The half lives of radioactive elements `X` and `Y` are `3` mintue and `27` minute respectively. If the activities of both are same, then calculate the ratio of number of atoms of X and Y.

To solve the problem, we need to find the ratio of the number of atoms of radioactive elements X and Y, given that their activities are the same and their half-lives are different. ### Step-by-Step Solution: 1. **Understand the Concept of Activity**: The activity (A) of a radioactive substance is defined as the number of disintegrations per unit time.

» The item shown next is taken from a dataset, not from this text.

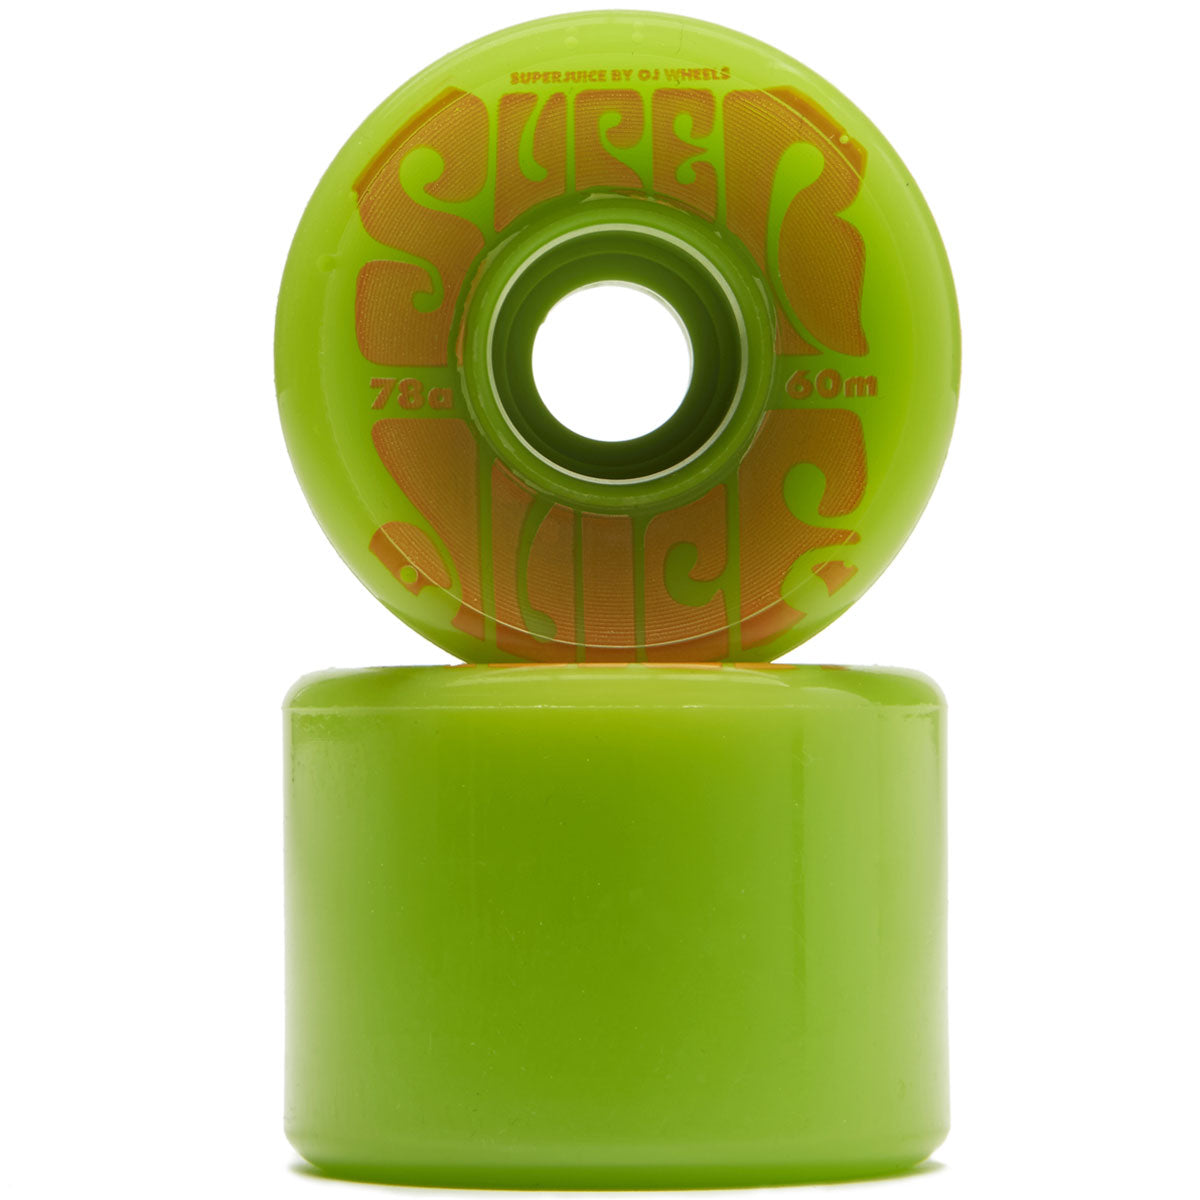 OJ Super Juice 78a Skateboard Wheels - Green - 60mm image 2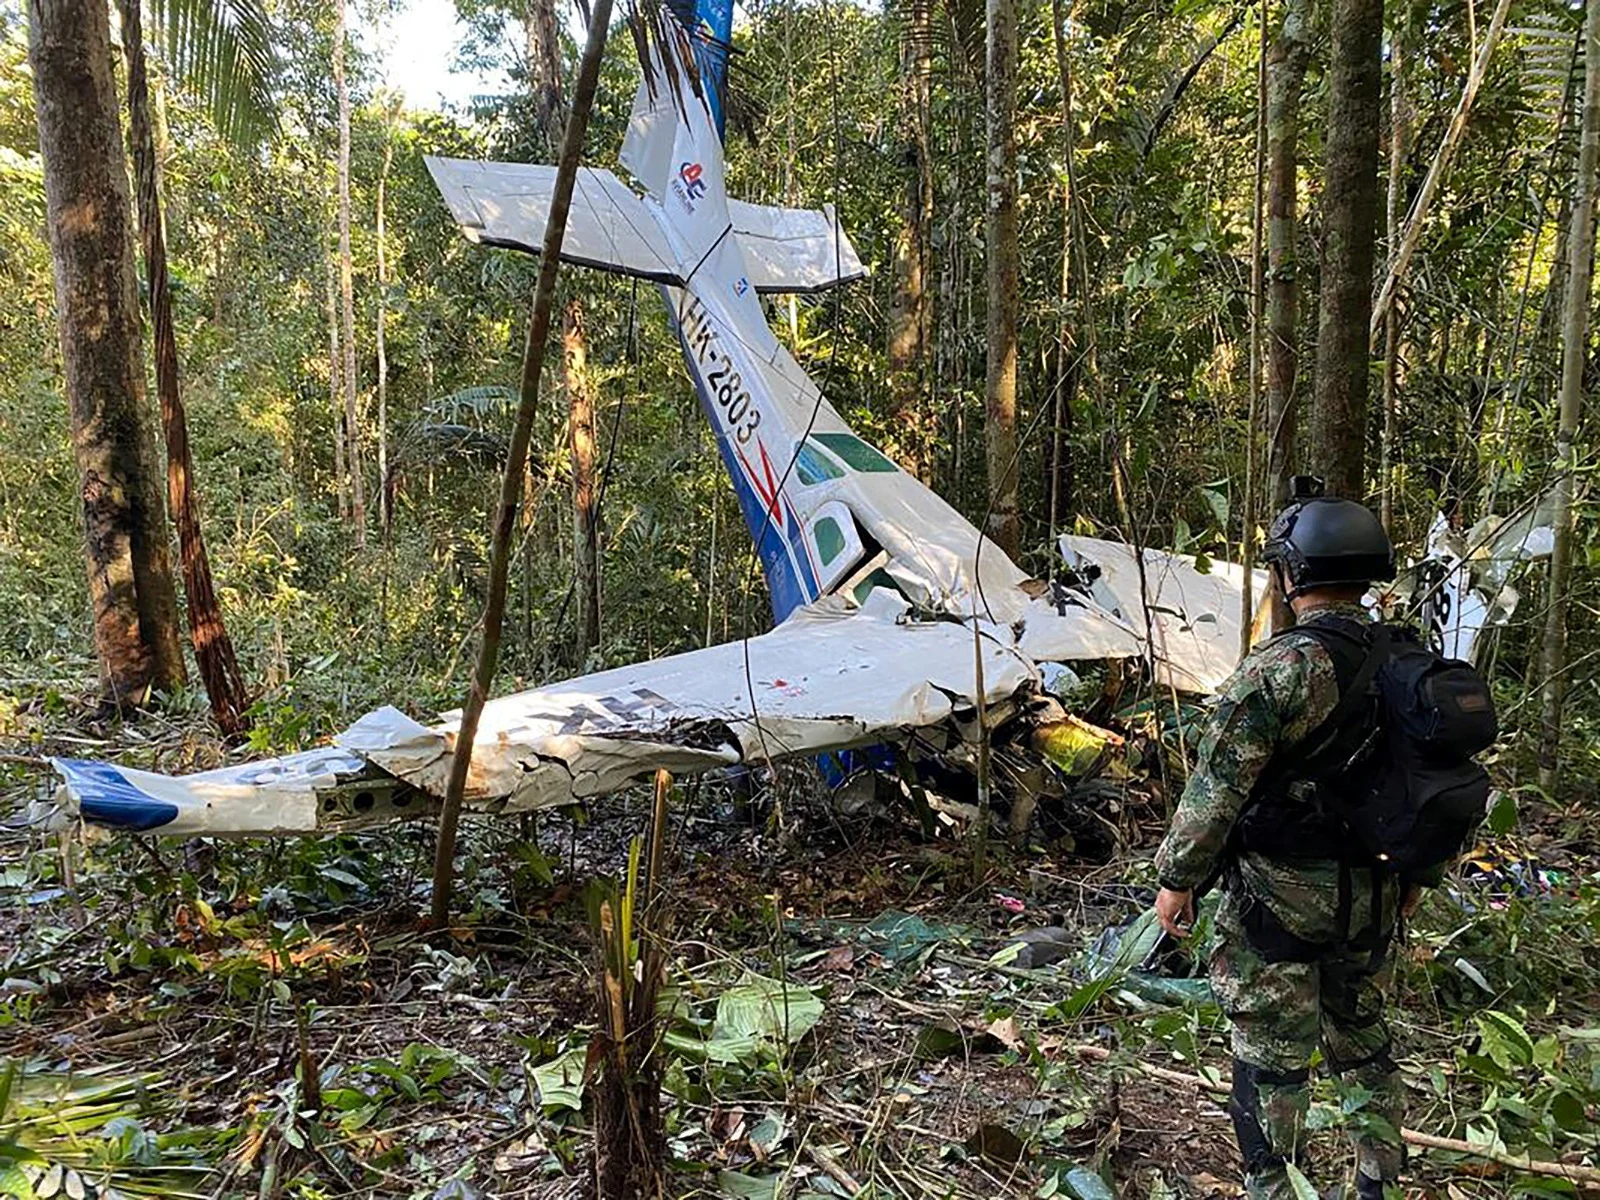 המטוס שהתרסק בג'ונגל האמזונס בקולומביה

It is directly proportional to the number of active nuclei (n) and the decay constant (λ): \[ A = \lambda n \] 2. **Set Up the Equation for Activities**: Since the activities of elements X and Y are the same, we can write: \[ A_X = A_Y \] This implies: \[ \lambda_X n_X = \lambda_Y n_Y \] 3. **Relate Decay Constant to Half-Life**: The decay constant (λ) is related to the half-life (t_half) by the formula: \[ \lambda = \frac{0.693}{t_{half}} \] Thus, we can express λ for both elements: \[ \lambda_X = \frac{0.693}{t_{half, X}} \quad \text{and} \quad \lambda_Y = \frac{0.693}{t_{half, Y}} \] 4. **Substitute the Half-Lives**: Given that the half-life of X is 3 minutes and that of Y is 27 minutes, we can substitute these values: \[ \lambda_X = \frac{0.693}{3} \quad \text{and} \quad \lambda_Y = \frac{0.693}{27} \] 5. **Substitute λ into the Activity Equation**: Now, substituting λ into the activity equation gives: \[ \frac{0.693}{3} n_X = \frac{0.693}{27} n_Y \] 6. **Cancel Out Common Terms**: The 0.693 cancels out from both sides: \[ \frac{n_X}{3} = \frac{n_Y}{27} \] 7. **Rearranging the Equation**: Rearranging the equation to find the ratio of the number of atoms: \[ \frac{n_X}{n_Y} = \frac{3}{27} \] 8. **Simplify the Ratio**: Simplifying the ratio gives: \[ \frac{n_X}{n_Y} = \frac{1}{9} \] ### Final Answer: The ratio of the number of atoms of X to Y is: \[ \frac{n_X}{n_Y} = \frac{1}{9} \]